# Comprehensive exam study guide

This post is going to make a boring read.

As I explained in my last post, my program’s comprehensive exams are bespoke for the student. I’m going to use this post as a high-level study guide to keep me on track. I’ll update it as I get more clarification etc.

The basic structure of the exam is as follows:

There is a one-day (up to six-hour) written exam taken in-person at the university and proctored by one committee member. The results are classified as “Pass”, “Fail”, or “Oral Exam Needed”. The latter is used if I need to clarify or expand on my written answer. The exam questions are submitted by 3 of my 5 committee members. The questions are designed to track courses that I took as part of my degree “concentration” courses.

After the written portion, there is a computational exam which I will have two weeks to complete. Two of my committee members are taking on putting together this portion of the exam.

Finally, I will convene in-person with my committee and (a) present on the results of the computational portion of the exam and (b) undergo any oral examination needed from the answers to my written questions.

### Supervised learning

This section is still a bit “TBD” but what I know for sure follows:

The books I’m using here are

1. The Elements of Statistical Learning by Hastie et al.
2. TBD likely either Tan et al. (see below) or Data Mining by Witten et al.
3. I likely won’t be using Deep Learning by Goodfellow et al. but in case someone comes across this page as a resource to study ML themselves, I feel I’d be remiss not to mention it. This is an excellent book for those of us with a more mathematical bent.

The topics I’ll be focusing on are

1. SVMs from Hastie et. al (Ch. 12)
2. TBD

### Unsupervised learning

The books I’m using here are

1. The Elements of Statistical Learning by Hastie et al.
2. Introduction to Data Mining by Tan et al.

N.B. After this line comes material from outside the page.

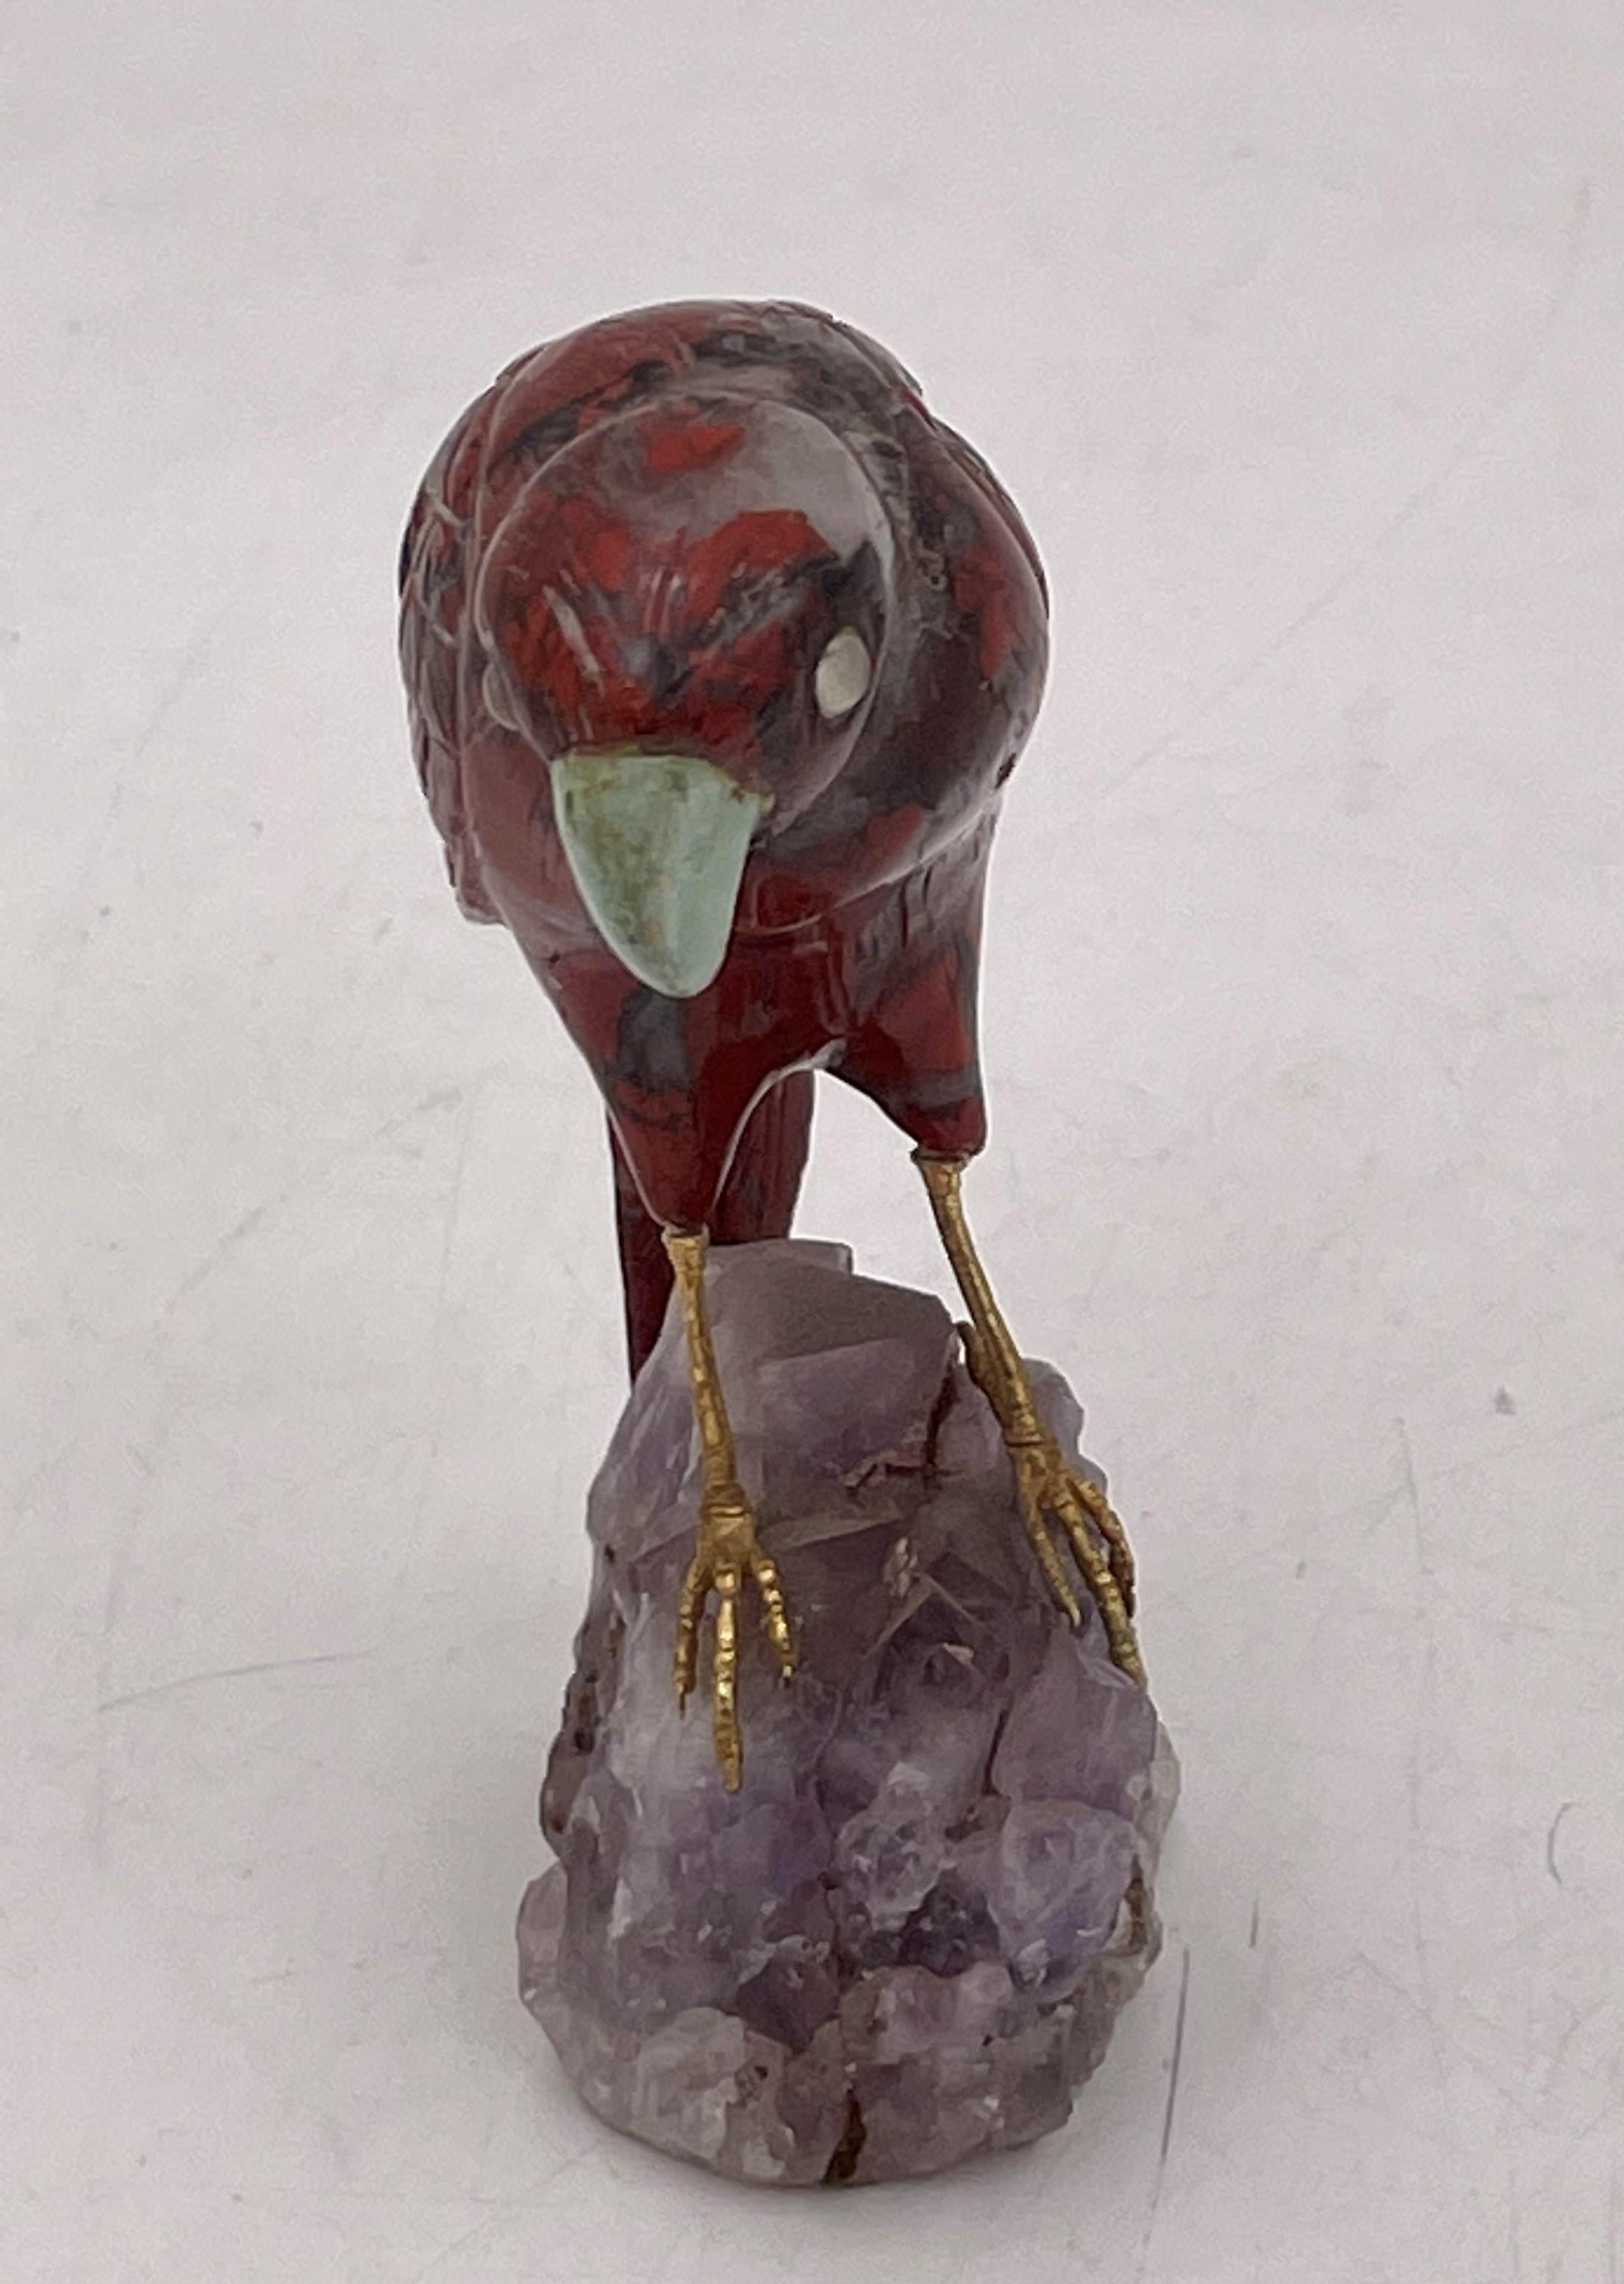 Highly realistic and detailed sculpture of a bird with gilt silver legs perched on an amethyst base. This beautiful piece measures 3 7/8'' in height by 2 3/4'' in depth by 1 1/2'' in width.

We hand polish all items before shipping them out, but

The topics I’ll be focusing on are

1. Clustering from Hastie et al. (Ch. 14, specifically section 14.3)
2. Clustering from Tan et al. (Ch. 8 - 9 in 1st ed. TBD on whether or not I do 1st or 2nd ed.)
3. Anomaly detection from Tan et al. (Ch. 10 in 1st ed.)

#### Clustering

1. K-means & K-medoids
2. Agglomorative hierarchical clustering
3. DBSCAN
4. Gaussian mixture model
5. Other clustering algorithms
• Prototype-based clustering
• Density-based clustering (non-DBSCAN)
• Graph-based clustering (including page-rank)
6. Cluster evaluation
7. Which clustering algorithm?

#### Dimensionality reduction

1. Principal component analysis
2. Non-negative matrix factorization
3. Independent component analysis
4. Multidimensional scaling

#### Anomaly detection

1. Statistical approaches
2. Proximity-based outlier detection
3. Density-based outlier detection
4. Clustering-based techniques

### Other topics in machine learning

Other topics will be

1. Overfitting
2. Generalization
4. Model selection

These are covered Hastie et al. Ch. 7.

I am encouraged to look into the introductory chapters of Pattern Recognition and Machine Learning

## The computational portion

I don’t really need to “study” for the computation portion. From discussions, what we are going to do is do some flag planting for a paper that I intend to write as part of the dissertation. I’ve implemented a couple forms of transfer learning for LDA (or an LDA-like model) in a new R package I’m working on. So we’d be looking at a preliminary study of that. Thing is, we don’t know how permanent/forgetful LDA is in this paradigm. And I don’t know that the way I implemented it is optimal. Topics to consider might be

1. Weighting/reweighting of the previous model’s topics in the prior of a new model. This tunes how much the new model “remembers” the old model.
2. Initialization strategies. Algorithms for LDA shuffle around counts of document-token-topic assignments. If you want to “transfer” you should initialize your counts in proportion to that of the previously-trained model. Unfortunately, corpora don’t have the same number of tokens overall or per-document. So, how do you initialize those counts then? (FWIW, I am not convinced that the current way I did it in my in-development R package is the best strategy.)